_Records to process_:
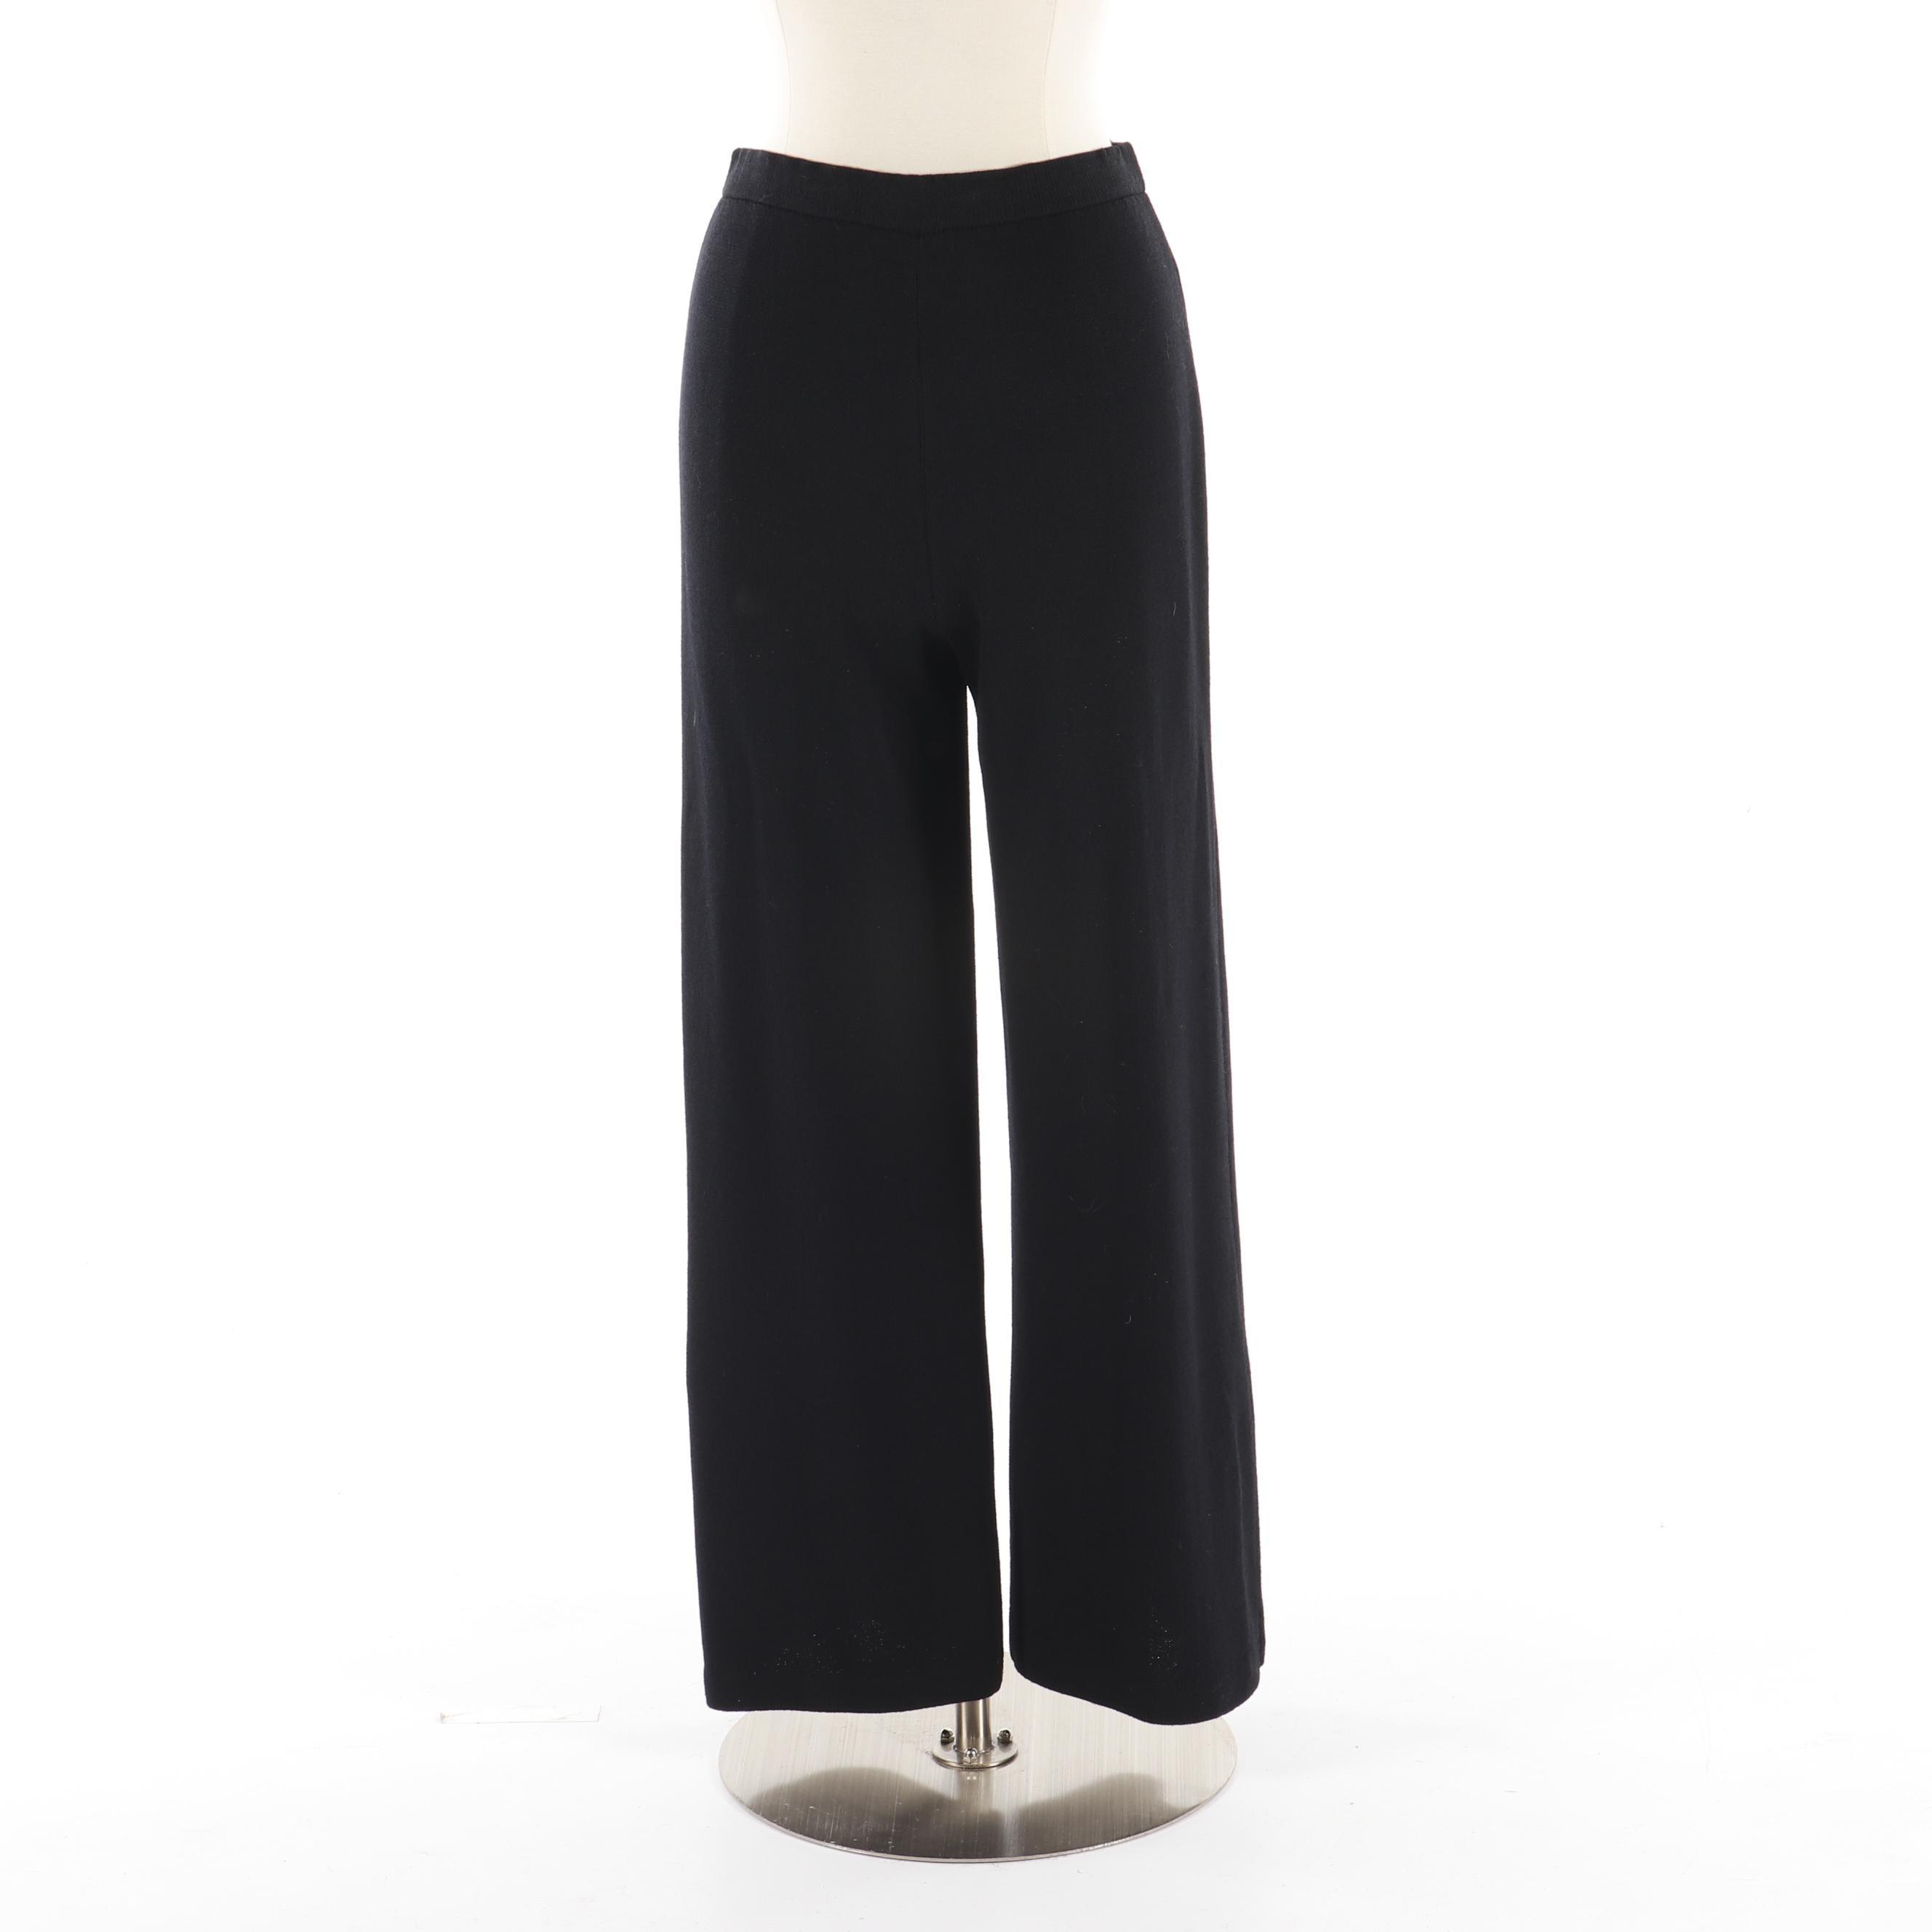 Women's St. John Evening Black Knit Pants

* * *

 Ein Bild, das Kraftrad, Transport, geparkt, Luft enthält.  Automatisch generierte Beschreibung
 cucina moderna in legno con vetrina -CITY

_What you need to do_: Starting at the line with "Ein Bild, das" and ending at the line with "cucina moderna in legno con vetrina -CITY", print each line of the listing above exactly, with no other lines.

_Response box_:
 Ein Bild, das Kraftrad, Transport, geparkt, Luft enthält.  Automatisch generierte Beschreibung
 cucina moderna in legno con vetrina -CITY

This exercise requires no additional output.